Those whom she had left, however, were at that very moment formulating their opinions upon her, but aloud.

“What a nice girl Aletta has grown into!” Mrs Wenlock was saying. “She used to be shy and awkward, and nothing to look at, before she went away, and now she’s so bright, and smart, and stylish, and almost pretty. It’s wonderful what her stay at Cape Town has done for her.”

“I don’t think she’s pretty at all,” said May decisively. “I call her ugly.”

“No, I’ll be hanged if she’s ugly,” said Frank.

“No, indeed,” agreed his mother; “look what pretty hair she has, and pretty hands, and then her manner is so delightful. And there is such a stylish look about her, too! Don’t you agree with me, Mr Kershaw?”

“Yes; I do,” was the reply, made as evenly as though the subject under discussion had been Andrina or Condaas, or any other girl in the district.

“Well, I think she’s a horrid girl,” persisted May. “Style, indeed? What you call style, I call ‘side.’ She puts on a kind of condescending, talk-down-to-you sort of manner. These Dutch girls,” with withering emphasis on the national adjective, “are that way. They go away from home for a little and come back as stuck-up as they can be. That one is too grand for anything – in her own estimation. A horrid, stuck-up thing.”

Colvin, listening, winced. The idea expressed, the very wording of its expression, grated upon him horribly, apart from the identity of the subject thereof. In such wise would May from time to time lapse, and become, as Aletta had put it to herself, “common.”

He made no comment upon her vehement and ill-natured dictum, knowing perfectly well that it was uttered quite as much as a challenge to himself as to relieve the utterer’s feelings; and he was far too old and experienced to be drawn by any such transparent device. But as they re-entered the sitting-room the jarring effect of the words was intensified, bringing back in vivid contrast the last time he was there; that evening when he had been so near turning the most momentous corner which could meet him within the career of life. He had not turned it. A warning hand had, so to speak, been held up. This girl – he could see her as she was then, in her sweet alluring beauty, soft-voiced, appealing. He could see her now, hard-eyed, vindictive, and expressing herself in a manner that savoured of the wash-tub. What a near thing it had been – how narrow his escape!

He would have been tied fast, bound hand and foot. Even now there was a certain length of loose coil around him, which would need some care and judgment entirely to cast off. Still there was no hard-and-fast bond, and looking backward over the events of the past three weeks or so, he felt lost in thankfulness because of the trivial, fortuitous incident which had availed to stay his tongue when it had so nearly spoken.

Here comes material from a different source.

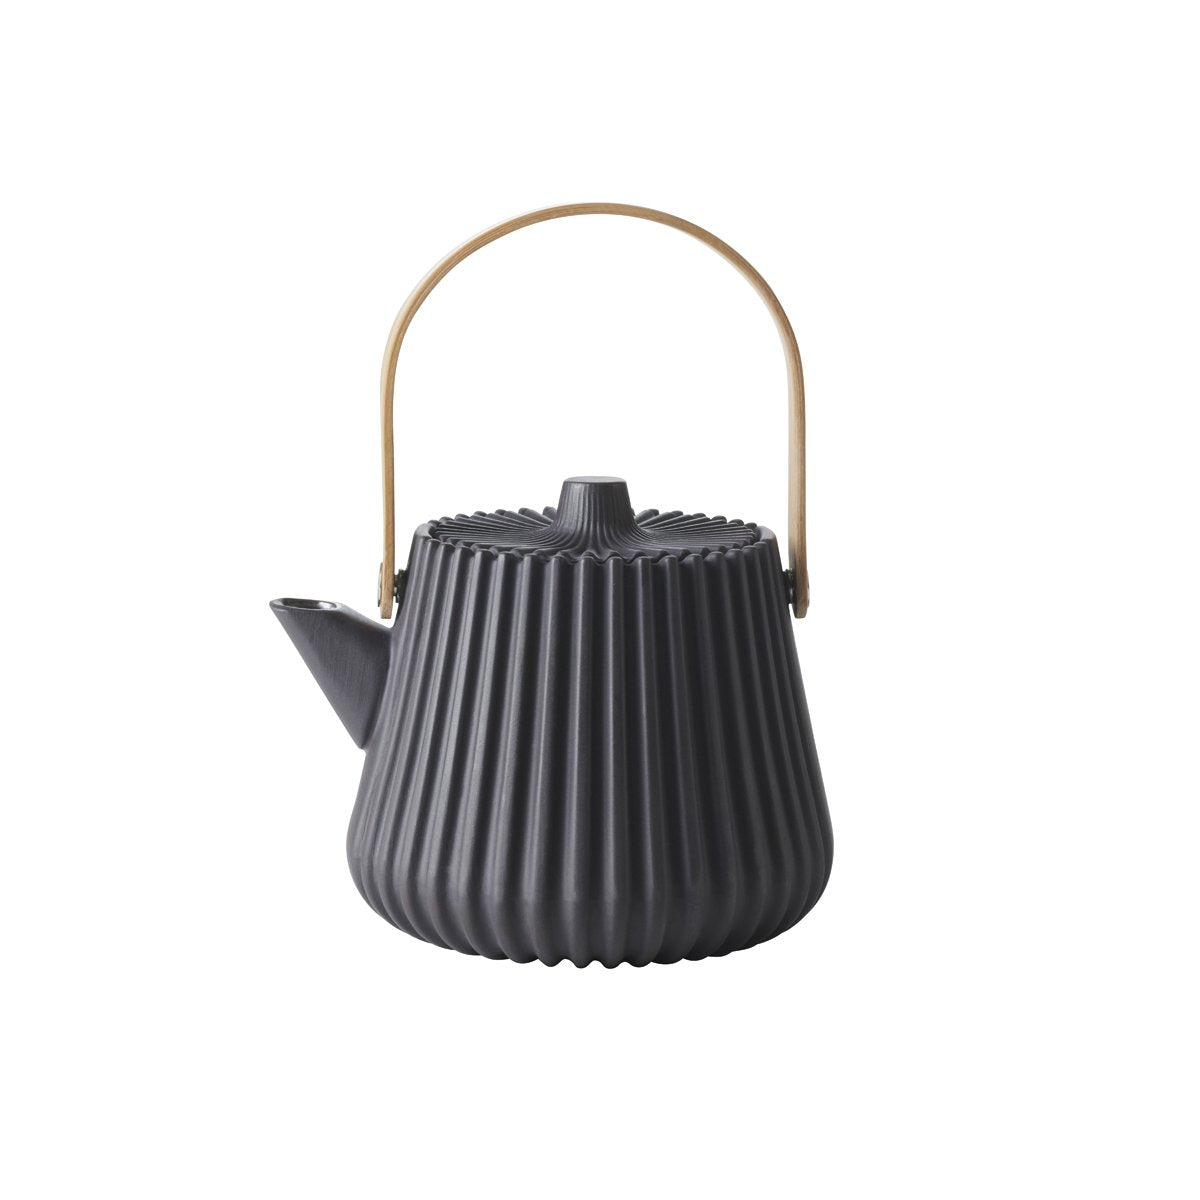 RV653593 Revol Pekoe Teapot With Infuser Basket 550ml Tomkin Australia Hospitality Supplies
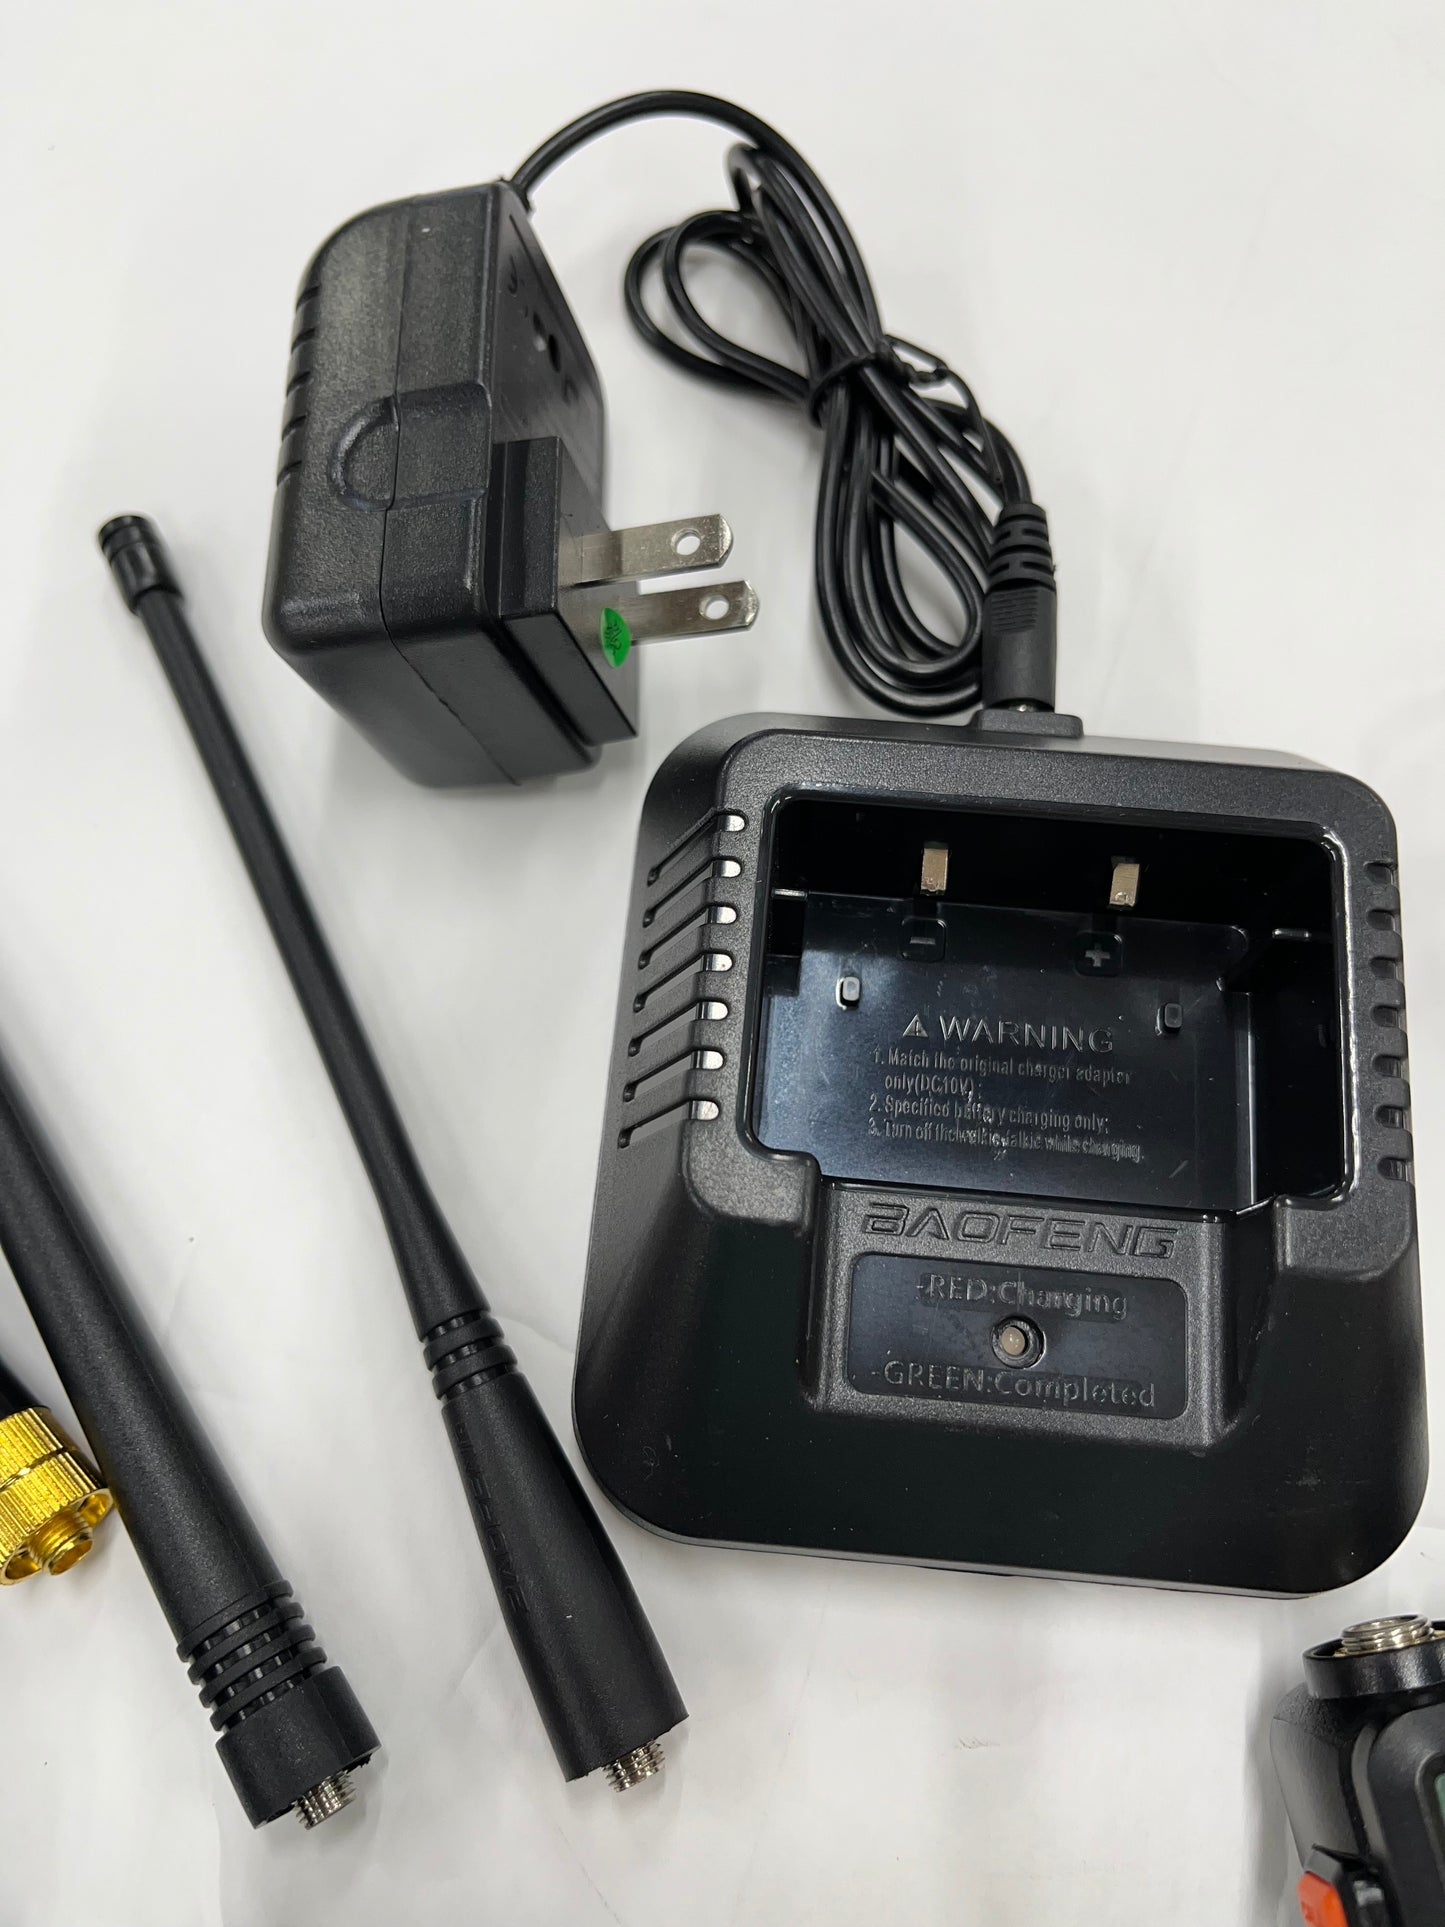 UHF-VHF HandHeld Baofeng Radio Package SPECIAL BUY UV-5R

“You are not particularly lively, after all this time, Colvin.”

He started, and put down the paper he had pretended to read, while the above reflections were coursing through his brain. They were alone together in the room, he and May. Frank, divested of his coat and waistcoat, could be seen in the distance doing odd jobs, and Mrs Wenlock had withdrawn for an afternoon nap. Her visitors, she declared, although dear girls, had tired her.

“No, I’m afraid I’m not,” he said. “I believe I’m tired. Well, let’s talk.”

Something in the words brought back that last evening they were thus alone together. The recollection softened her, but only for a moment.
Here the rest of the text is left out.